## STORED DATA
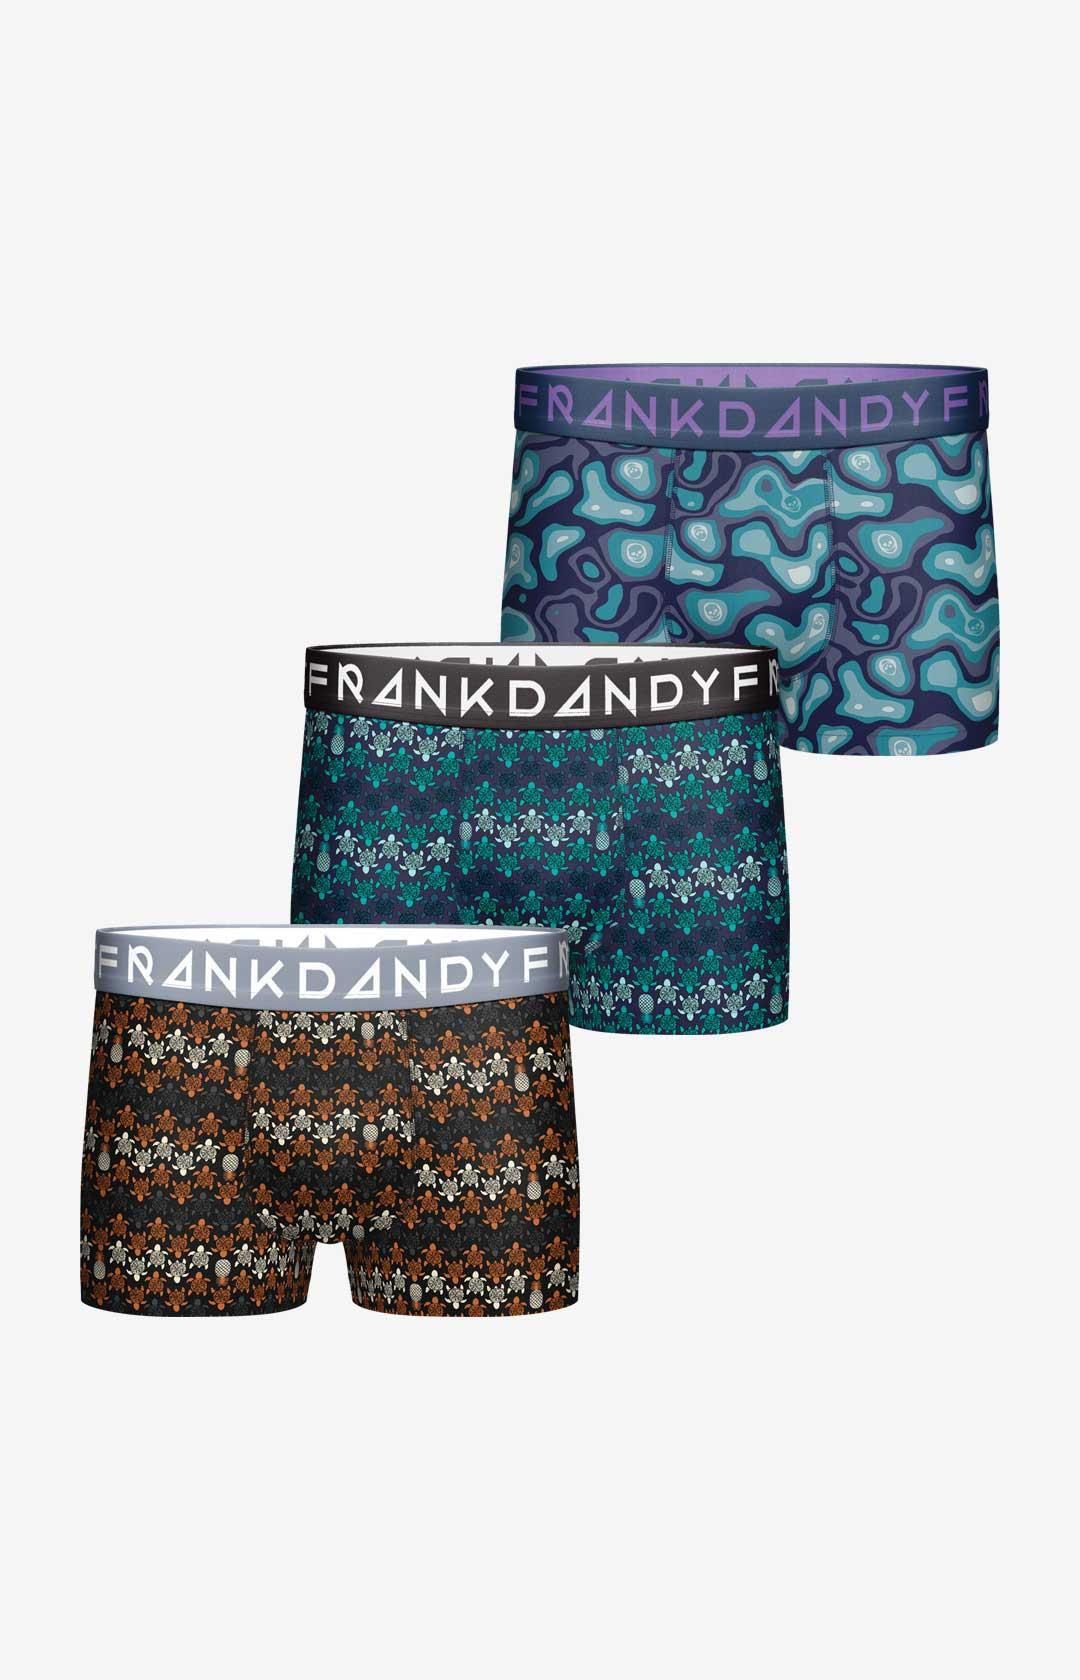 Frank Dandy 3-Pack Kids Boxer
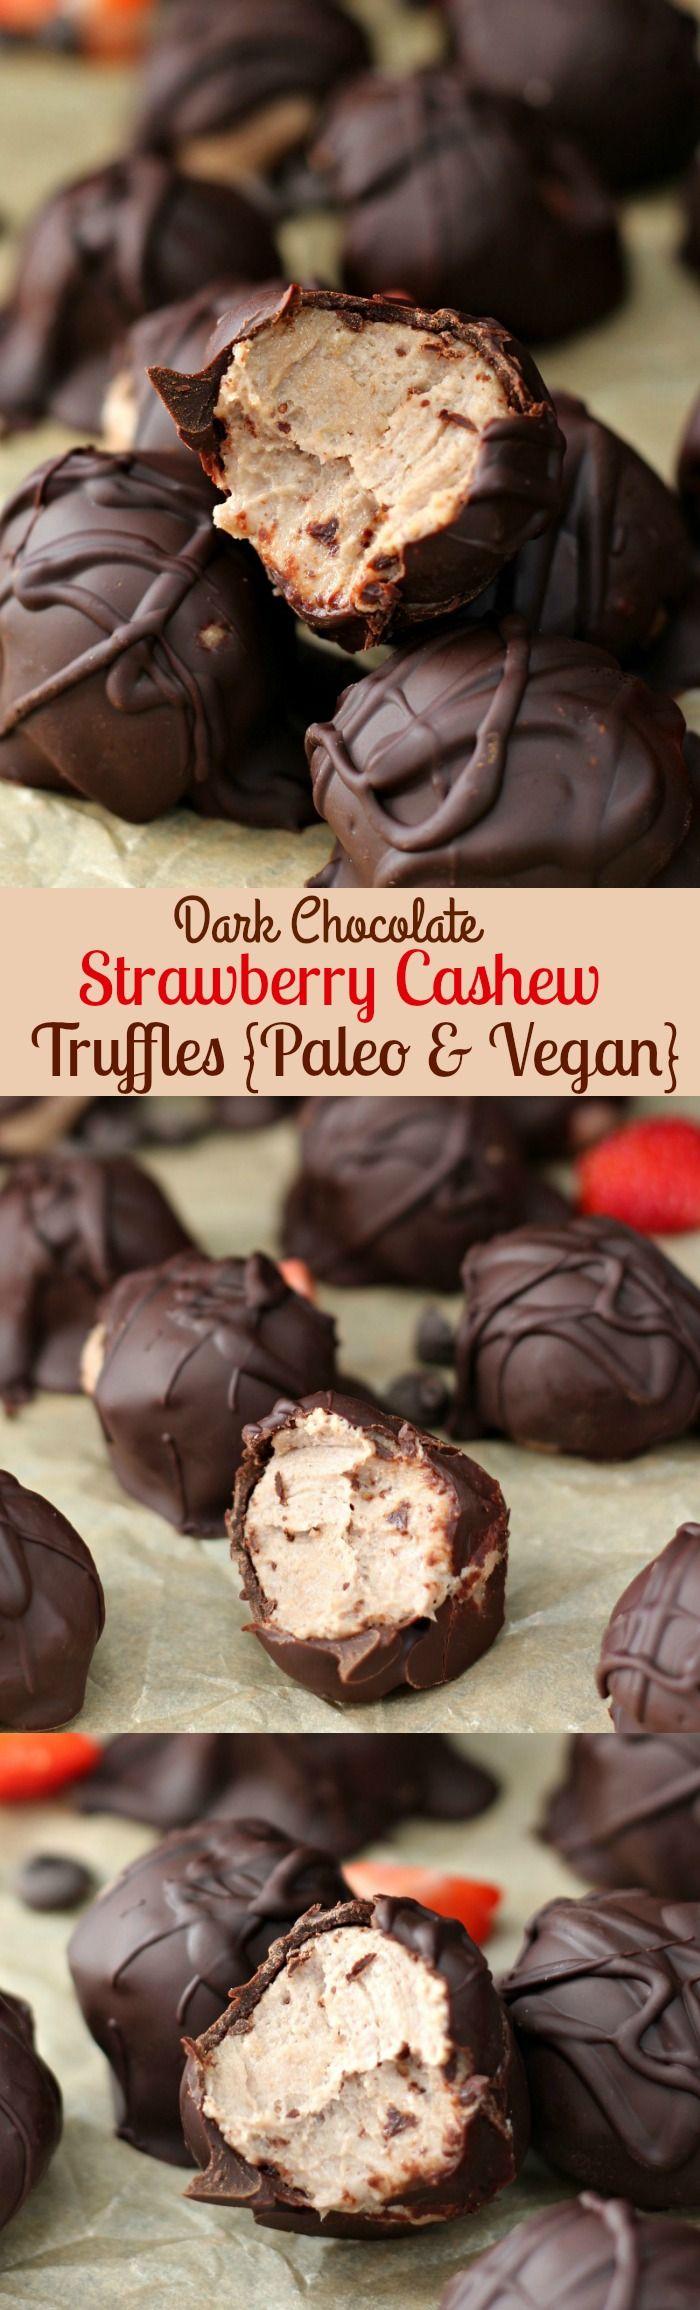 Dark Chocolate Strawberry Cashew Truffles {Paleo & Vegan} no bake, gluten free, healthy and decadent!
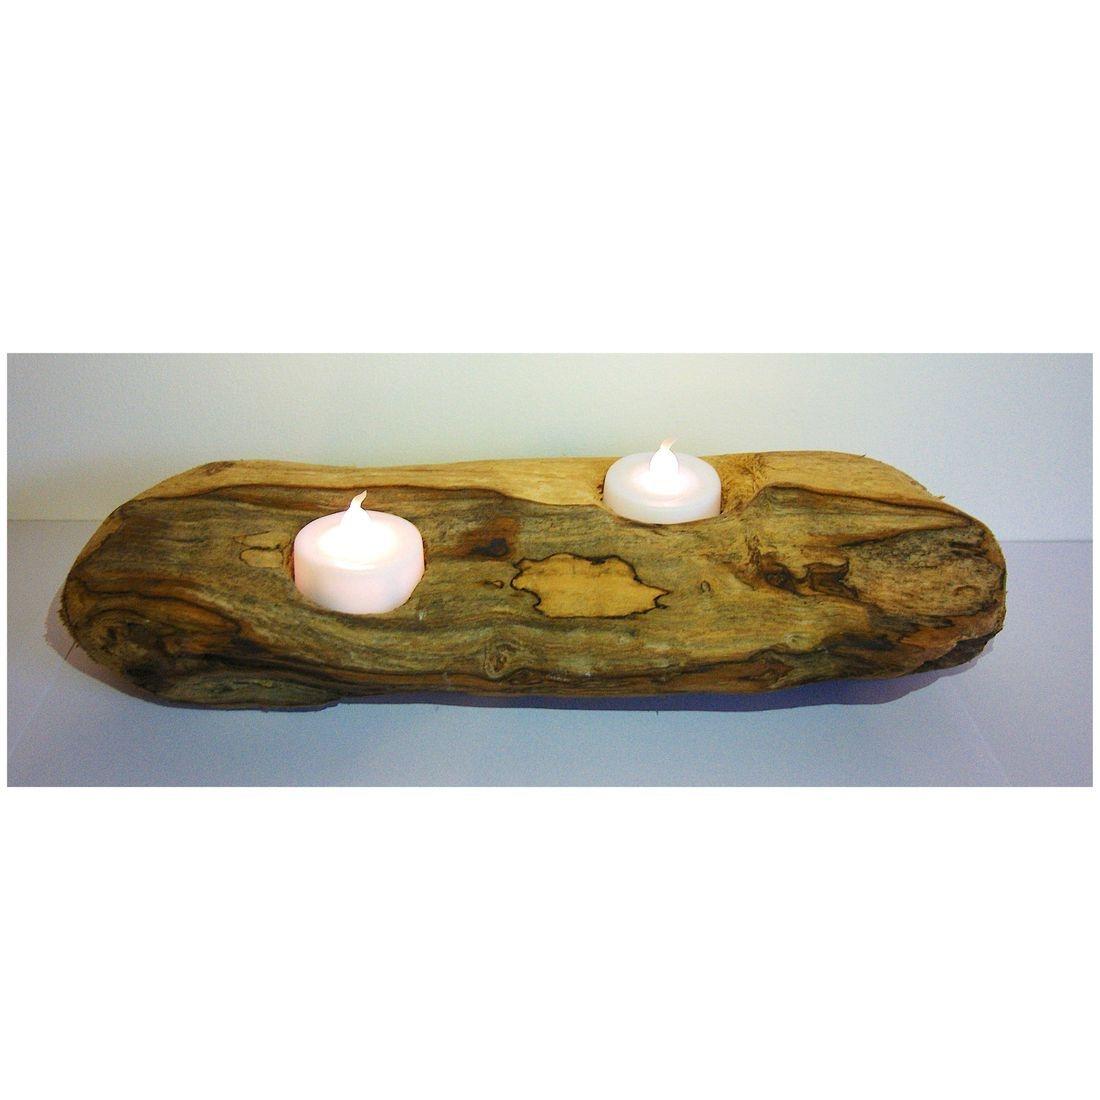 Driftwood log candle tea light holder 6
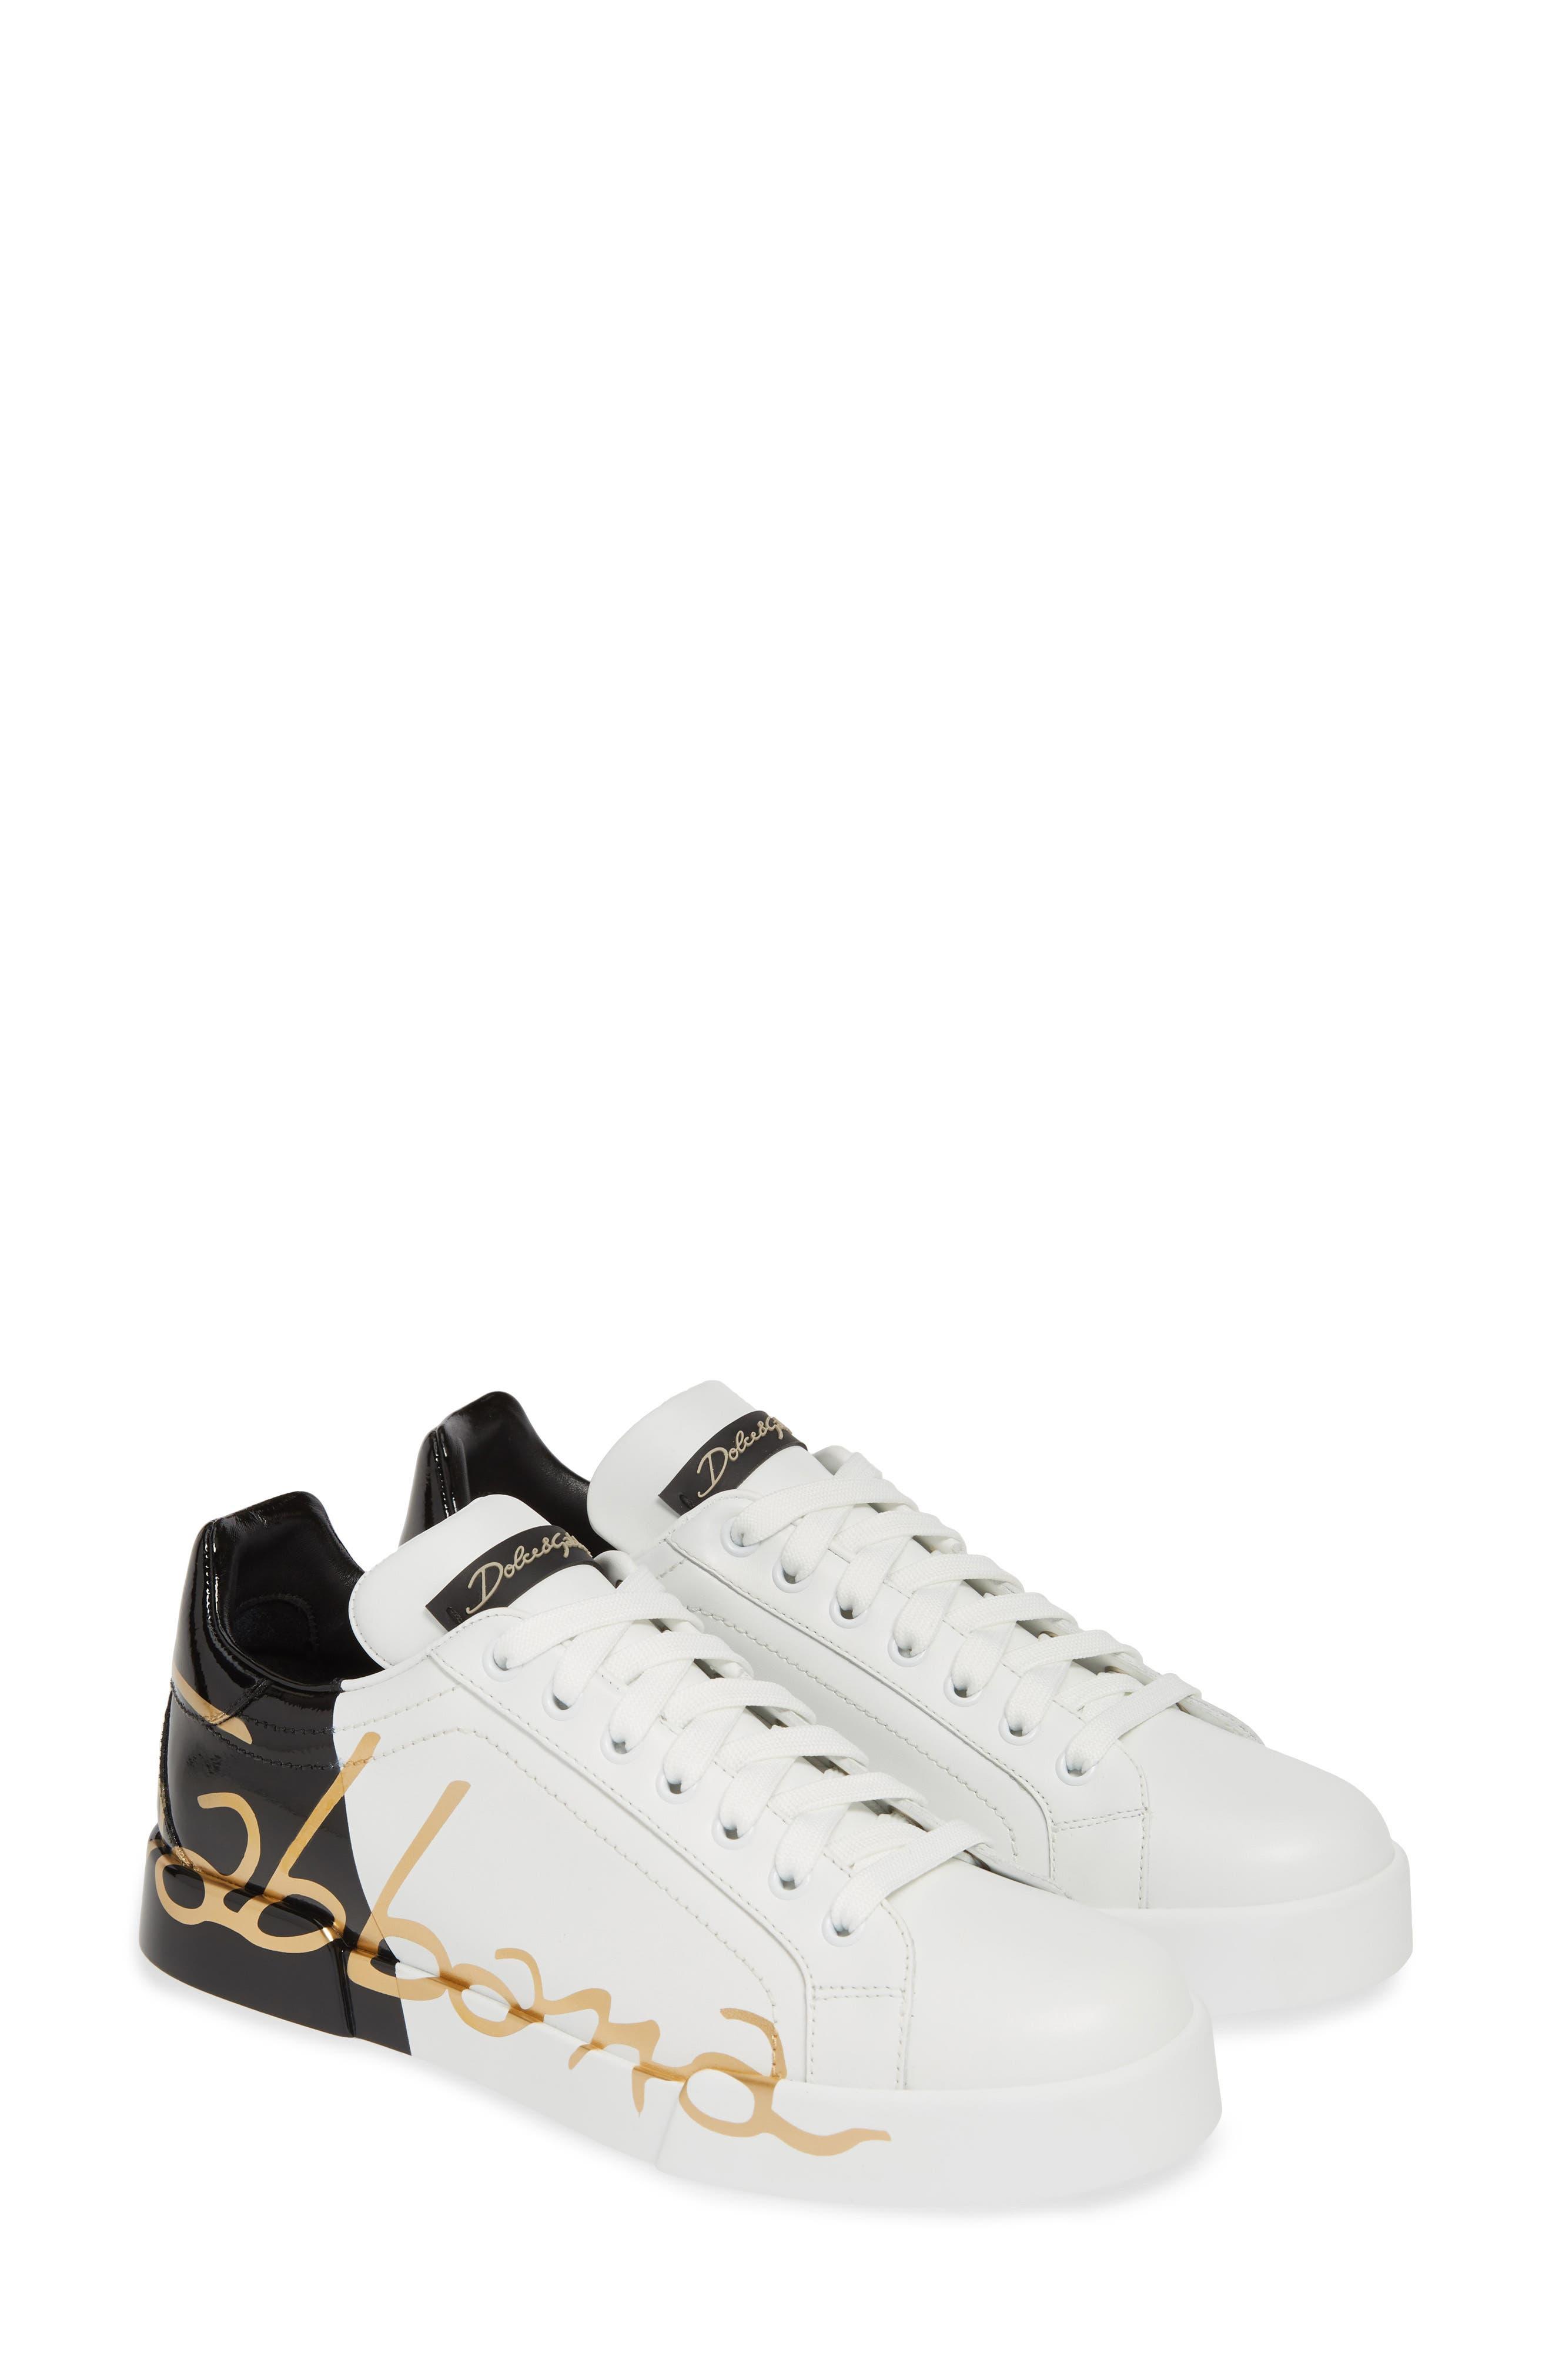 6e455125c74 Women's Dolce&Gabbana Shoes   Nordstrom

## THE PROBLEM
The expected output is an exact copy of the lines from the one holding "Driftwood log candle tea light holder 6" through the last line of the listing above, with the pictures omitted.

## WRITTEN RESPONSE
 Driftwood log candle tea light holder 6
 6e455125c74 Women's Dolce&Gabbana Shoes   Nordstrom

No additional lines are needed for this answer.